Argo offends New Zealanders, too
Thirteen minutes into the Oscarwinning movie Argo, CIA agent Tony Mendezasks supervisor Jack O’Donnell what happened to a group of Americans when the U.S. Embassy was stormed in Tehran.
“The six of them went out a back exit,” O’Donnell tells Mendez, played by Ben Affleck. “Brits turned them away. Kiwis turned them away. Canadians took them in.”
That’s the only mention of New Zealand in Argo, but it is rankling Kiwis five months after the movie was released. Even Parliament has expressed its dismay, passing a motion stating that Affleck, who also directed the film, “saw fit to mislead the world about what actually happened.”

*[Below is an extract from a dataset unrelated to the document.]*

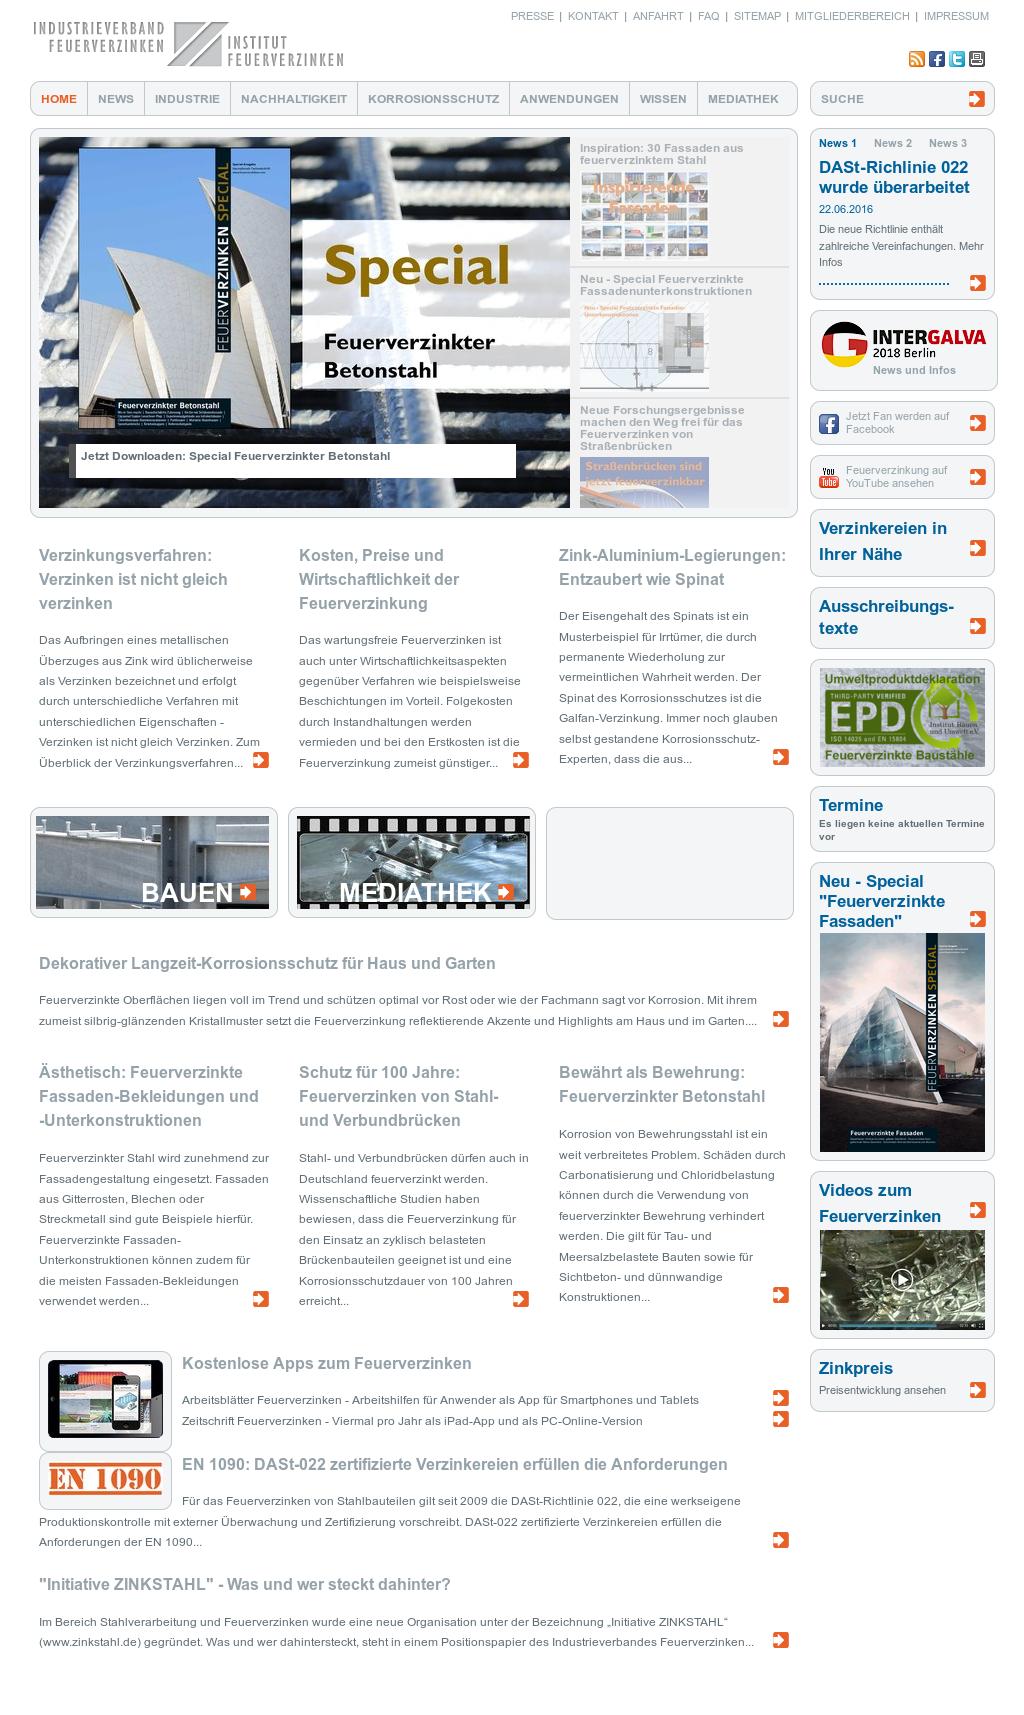 Industrieverband Feuerverzinken / Institut Feuerverzinken ...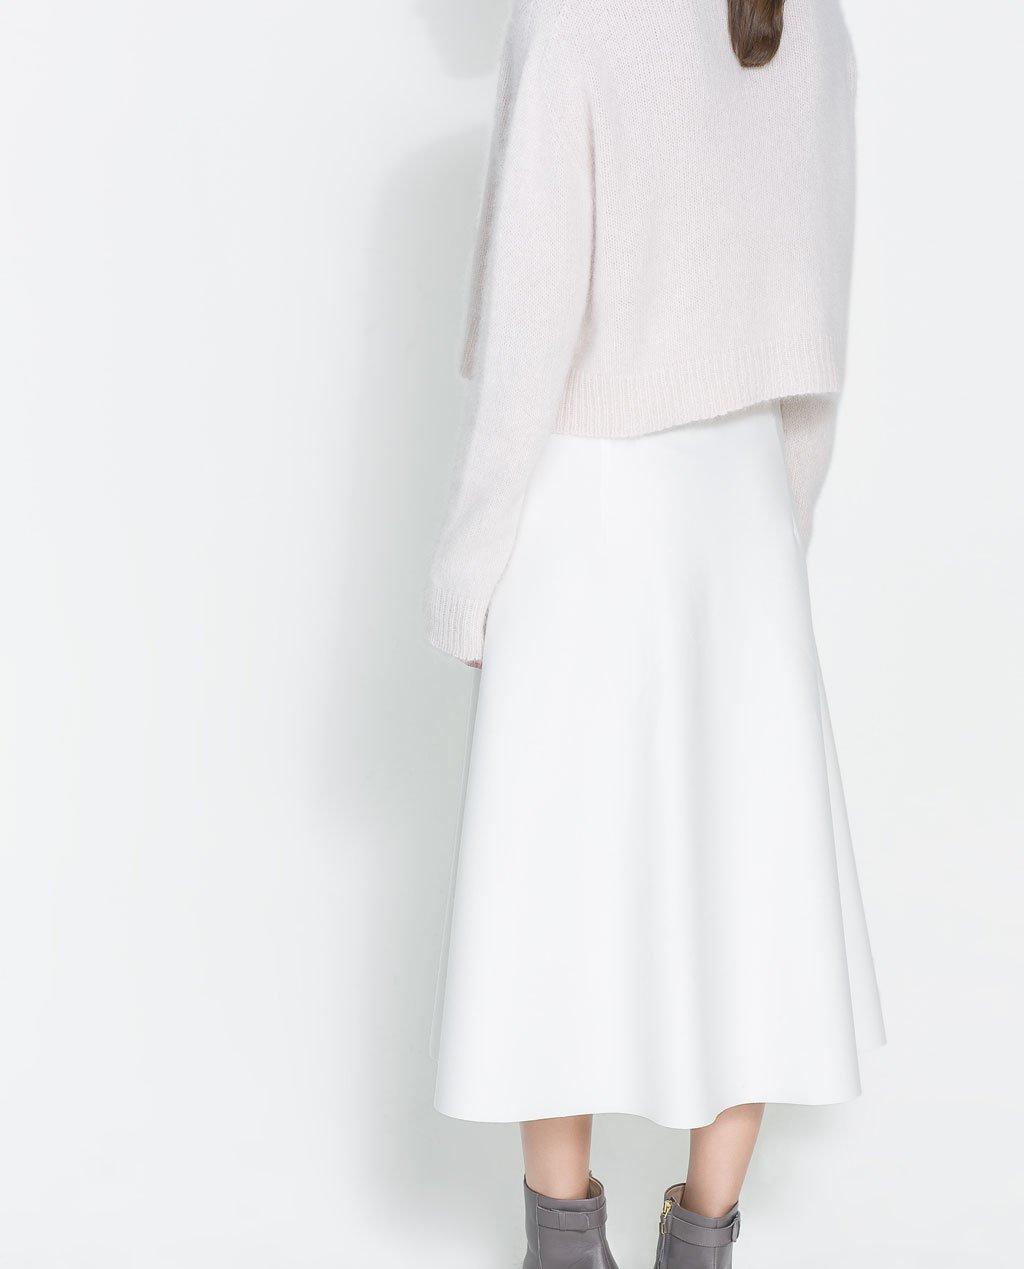 юбка Zara, 699 грн

New Zealand joins a list of other countries, including Iran and Canada, that have felt offended by the fictionalized account of how a group of Americans was furtively sheltered and secreted out of Iran during the 1979 Islamic Revolution.
“It’s touched a really raw nerve,” said Steve Matthewman, a sociology professor at the University of Auckland.
The movie’s New Zealand reference may not be totally fair but has an element of truth.
Some in New Zealand have taken those words — “Kiwis turned them away” — as implying the country did nothing to help. Published interviews indicate that diplomats from Britain and New Zealand did help by briefly sheltering the Americans, visiting them and bringing them food, even driving them to the airport when they left.
Yet those interviews also indicate that both countries considered it too risky to shelter the Americans for long. That left the Canadians shouldering the biggest risk by taking them in.